Gázvezeték Street Sports Complex
- Location: Gázvezeték u., 4030, Debrecen, Hungary
- Coordinates: 47°30′41″N 21°37′09″E﻿ / ﻿47.51139°N 21.61917°E
- Capacity: 7,000

= Gázvezeték Street Sports Complex =

Stadium in Debrecen, Hungary

Gázvezeték Street Sports Complex (Gázvezeték utcai Sporttelep) is a motorcycle speedway track, located in Debrecen. The stadium has been known by various other names including the Hajdú Volán Stadion and more recently the Perényi Pál Salakmotor Stadion.

The stadium is located on Gázvezeték Street in the south of Debrecen.

The venue hosts the speedway team Debrecen Speedway team, who compete in the Hungarian Team Speedway Championship. The team have been known by various names, clubs or promotions over the years, including Debrecen S.C, Hajdú Volán SC, Simon & Wolf SC and since 2019, the Speedwaywolf Debrecen team.
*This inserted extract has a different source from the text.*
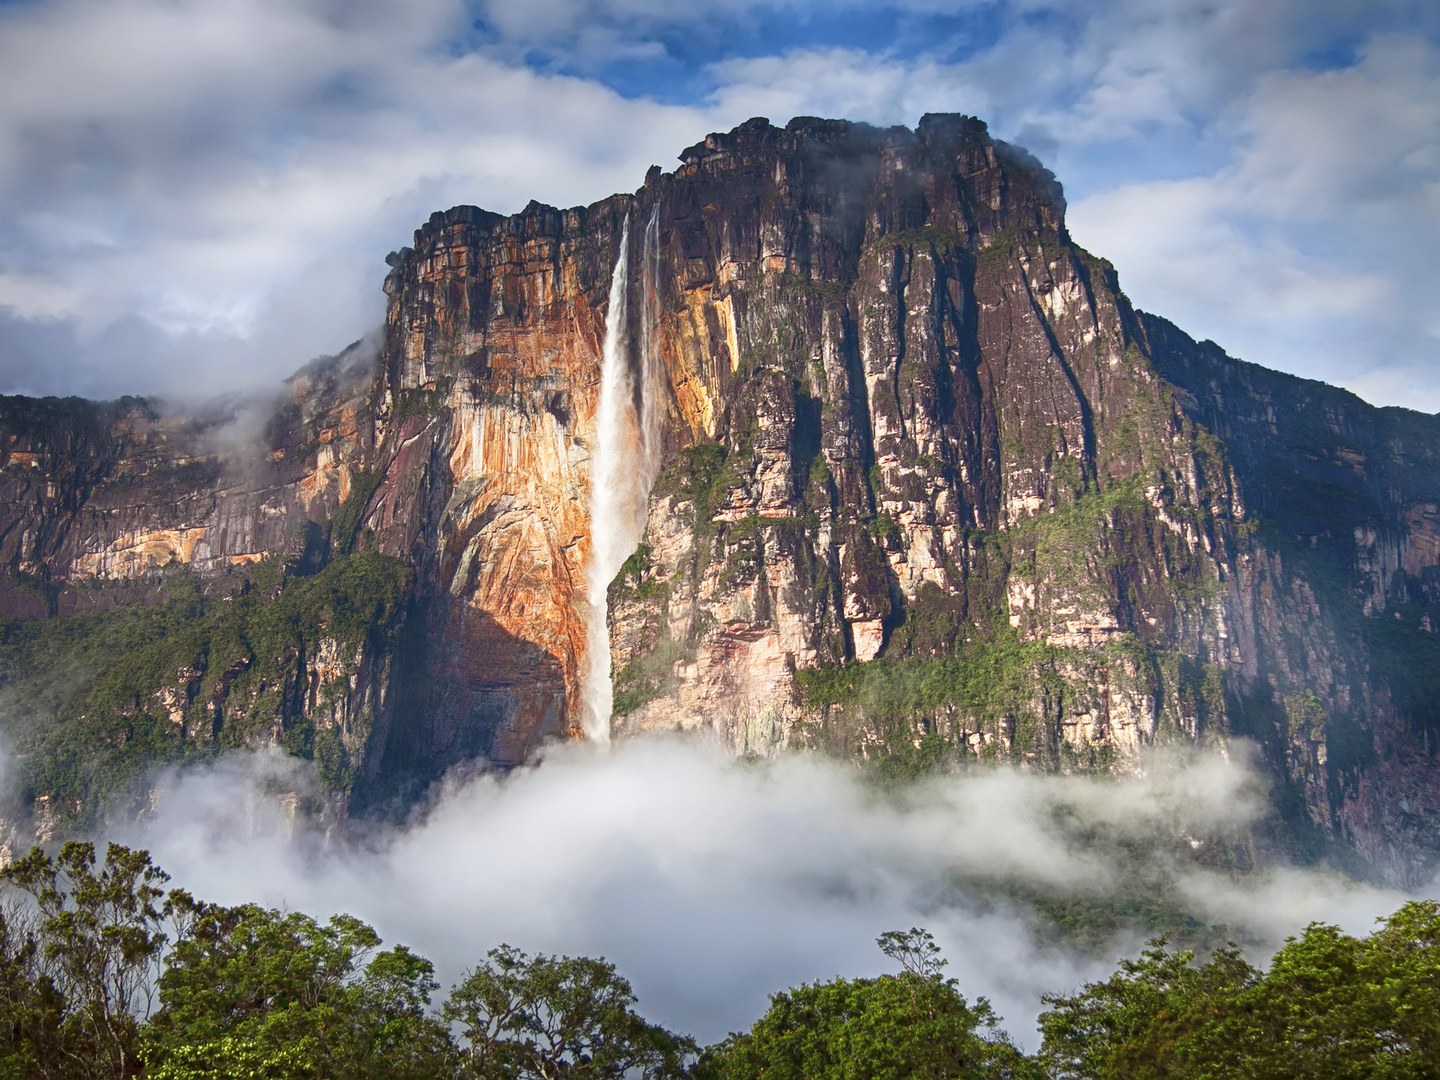 Angel được phát hiện bởi một phi công người Mỹ năm 1993 và nó trở thành thác nước cao nhất thế giới, tọa lạc ở Venezuela.

The sports complex has hosted a large number of major events, including eight rounds of the Speedway World Team Cup and the Speedway World Cup in 1973, 1975, 1981, 1983, 1986, 1991, 1997 and 2001 respectively. It has also staged rounds of the Speedway World Pairs Championship in 1972 and 1978 and the Continental Speedway final in 1989 and 1998.